[Data provided — start]

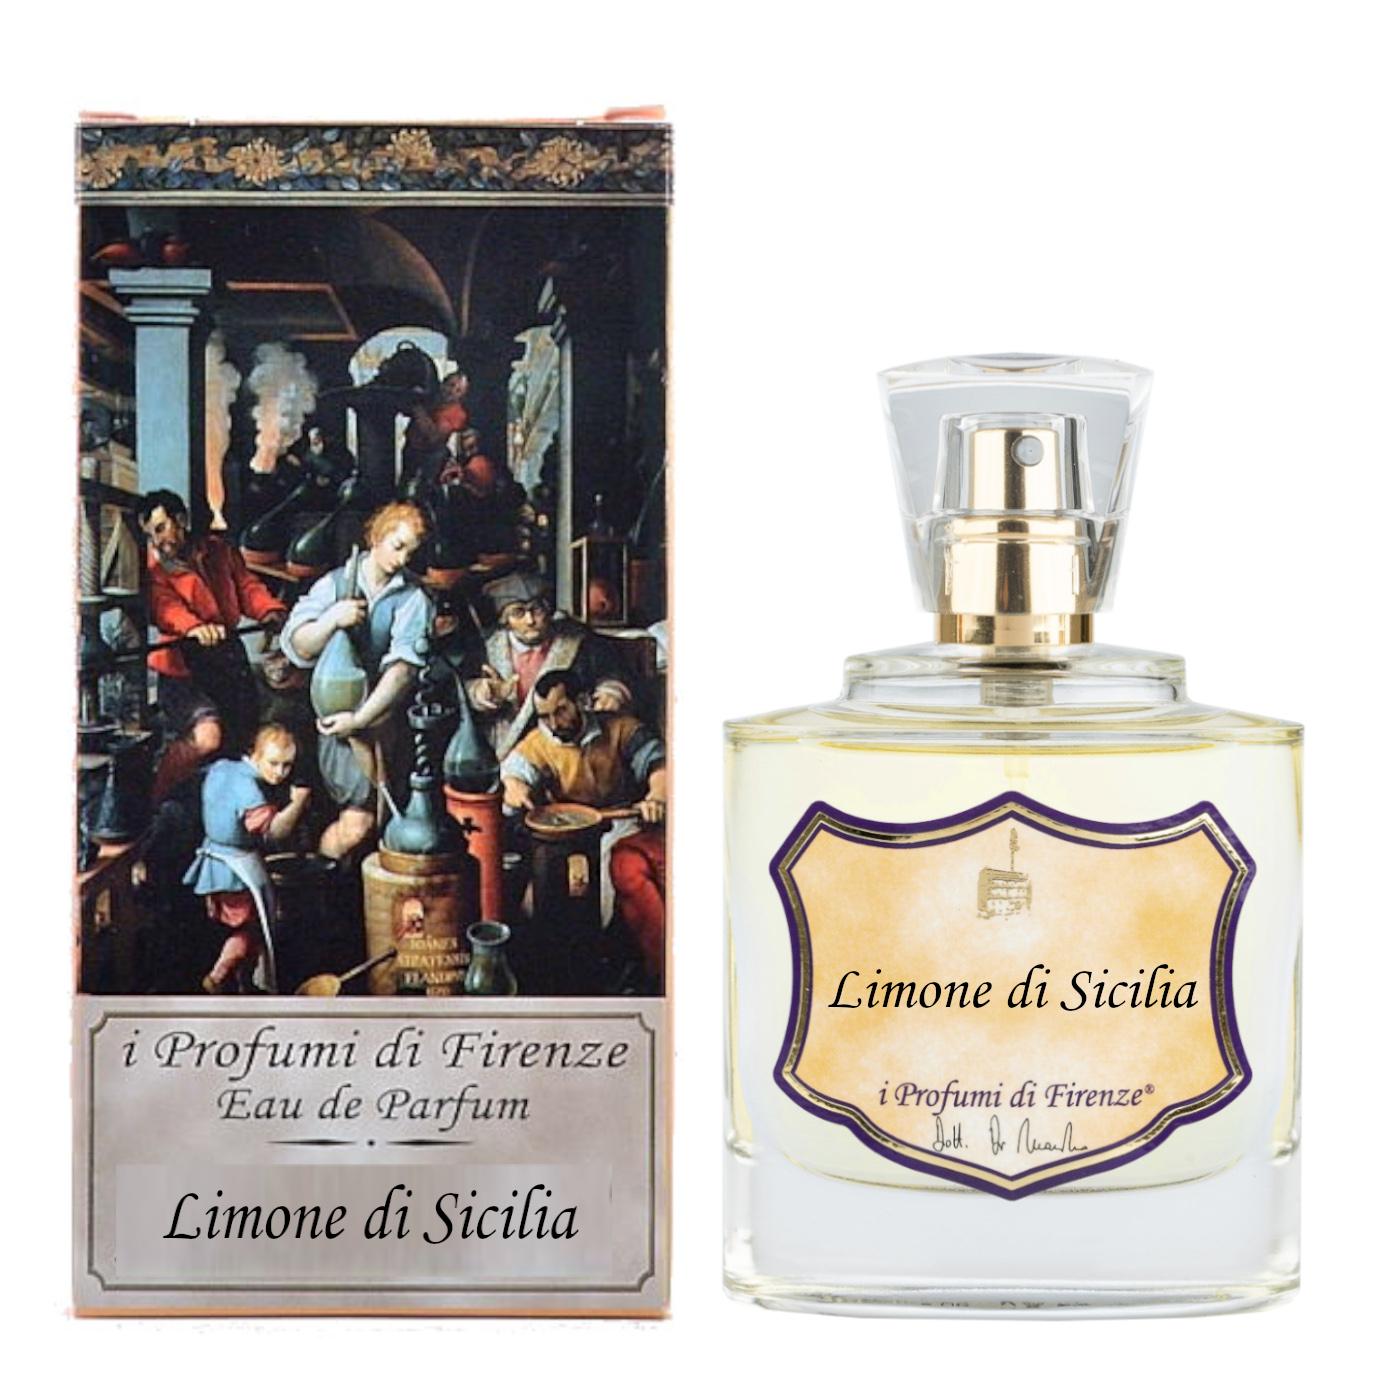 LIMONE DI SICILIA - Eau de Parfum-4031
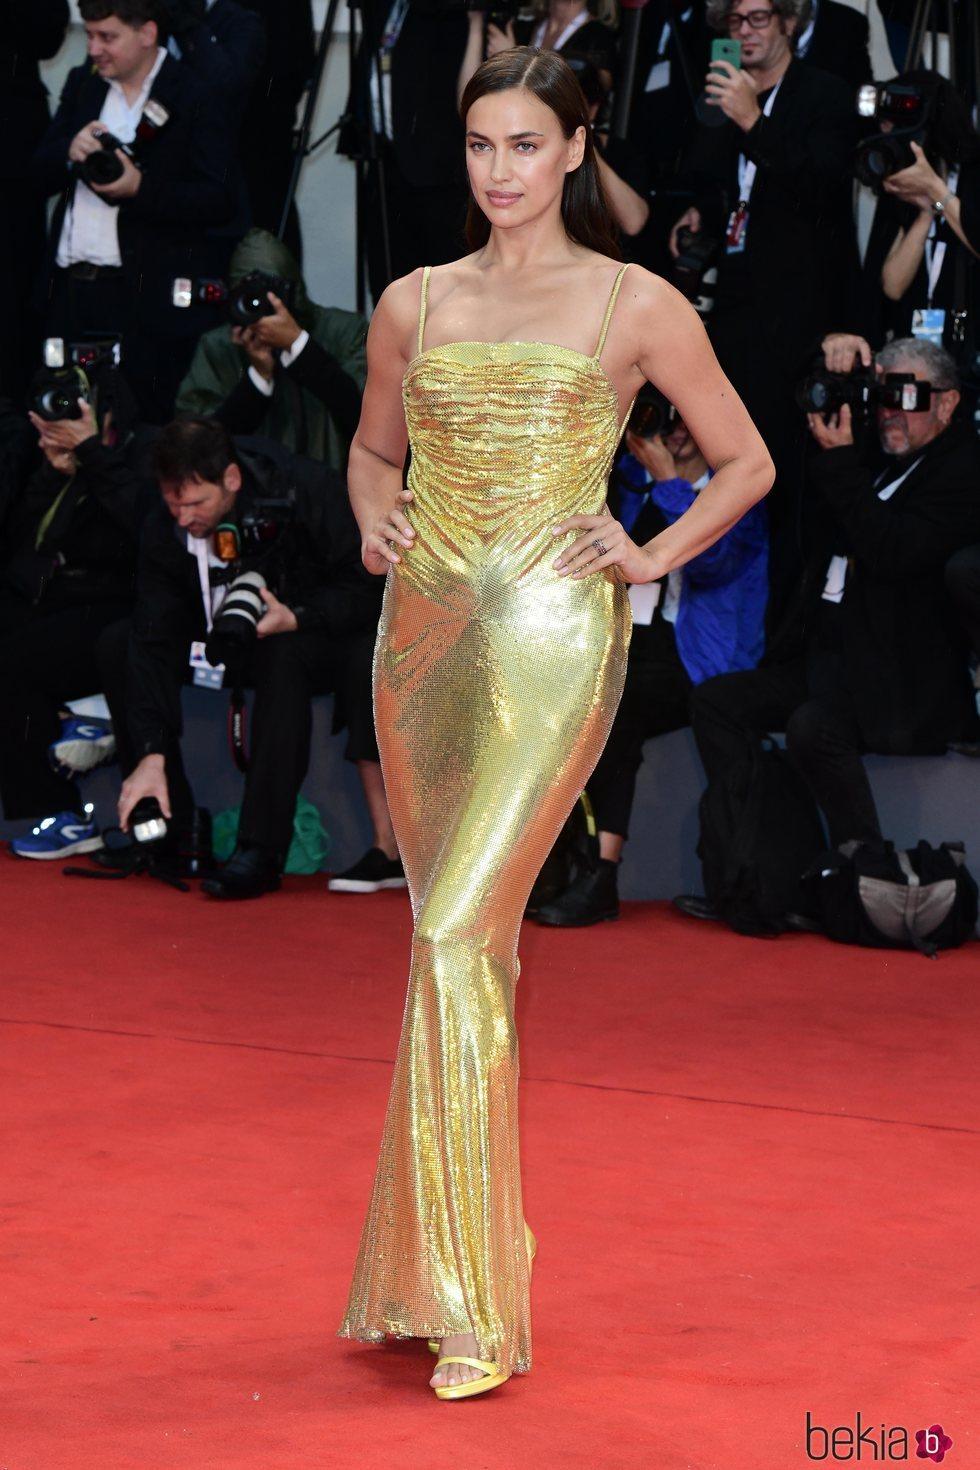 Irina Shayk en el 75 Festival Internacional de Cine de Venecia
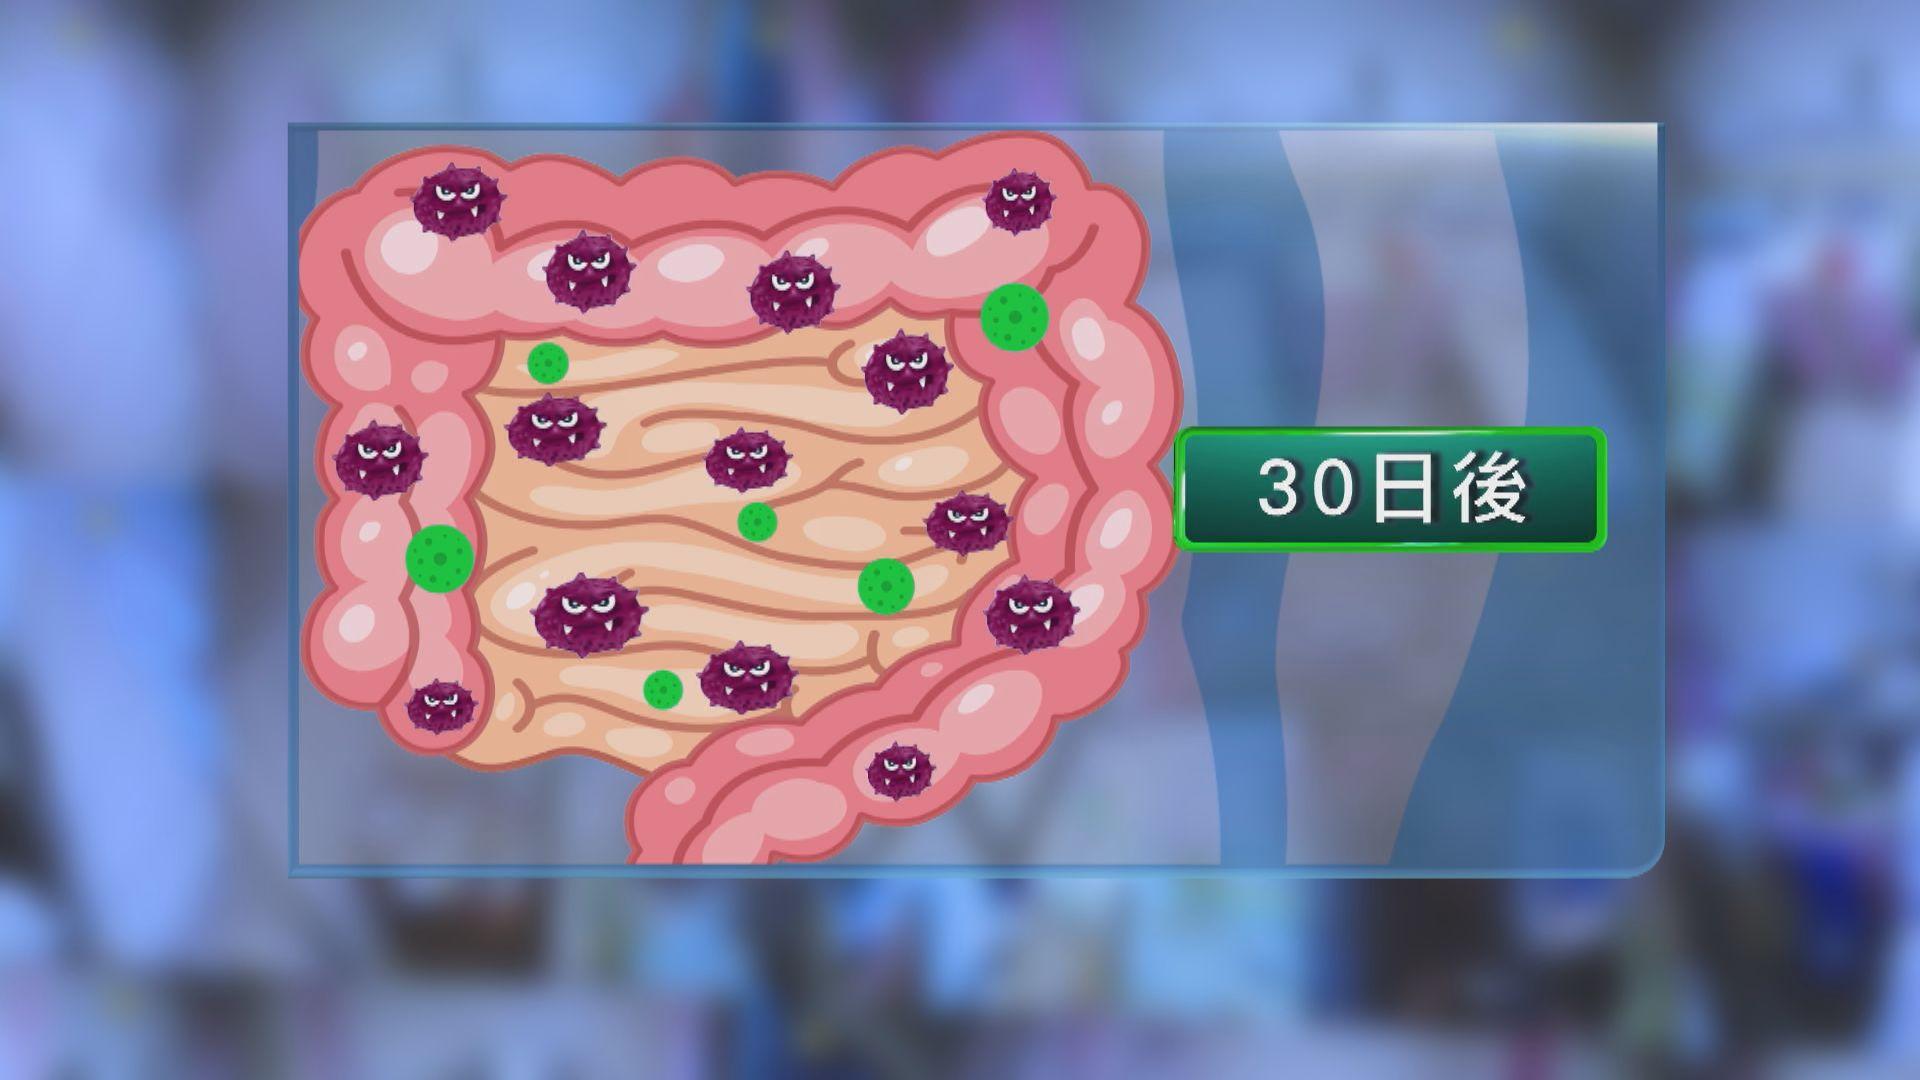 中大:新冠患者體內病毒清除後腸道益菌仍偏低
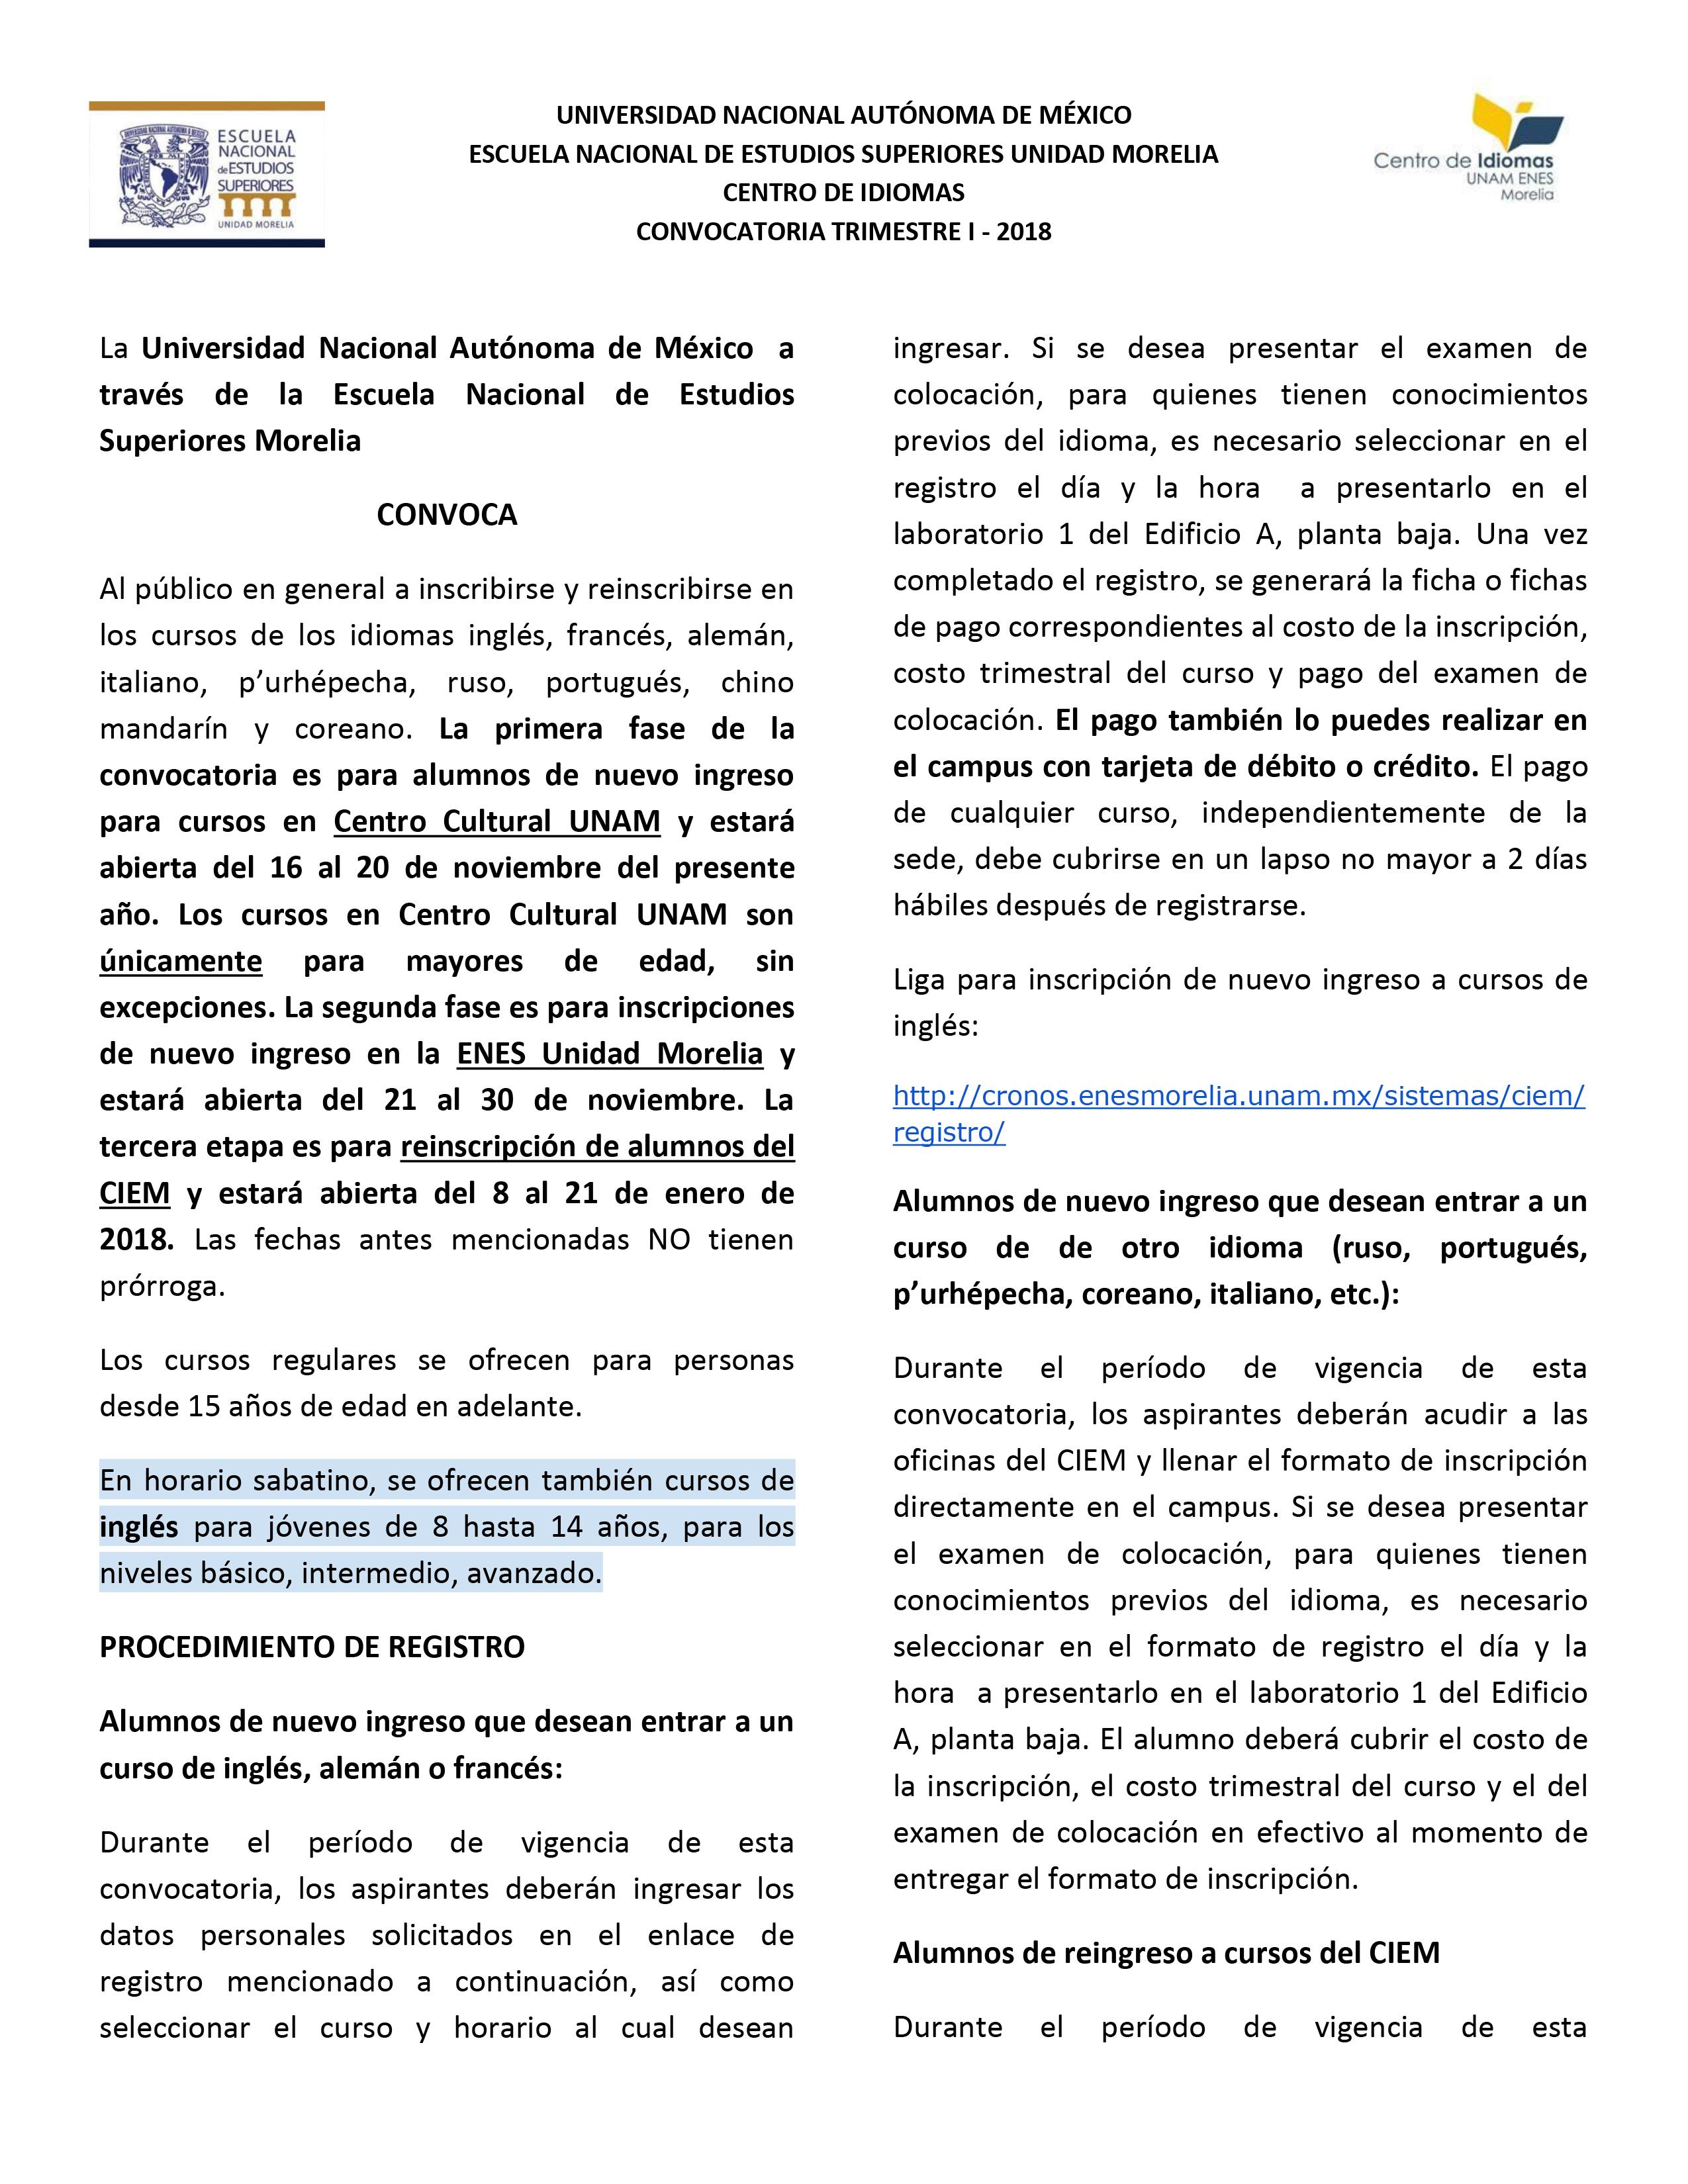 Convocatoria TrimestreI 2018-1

[Data provided — finish]

Only the lines from the one with "中大:新冠患者體內病毒清除後腸道益菌仍偏低" to the end of the listing, both ends included, should be retyped exactly; no pictures belong in the copy.

 中大:新冠患者體內病毒清除後腸道益菌仍偏低
 Convocatoria TrimestreI 2018-1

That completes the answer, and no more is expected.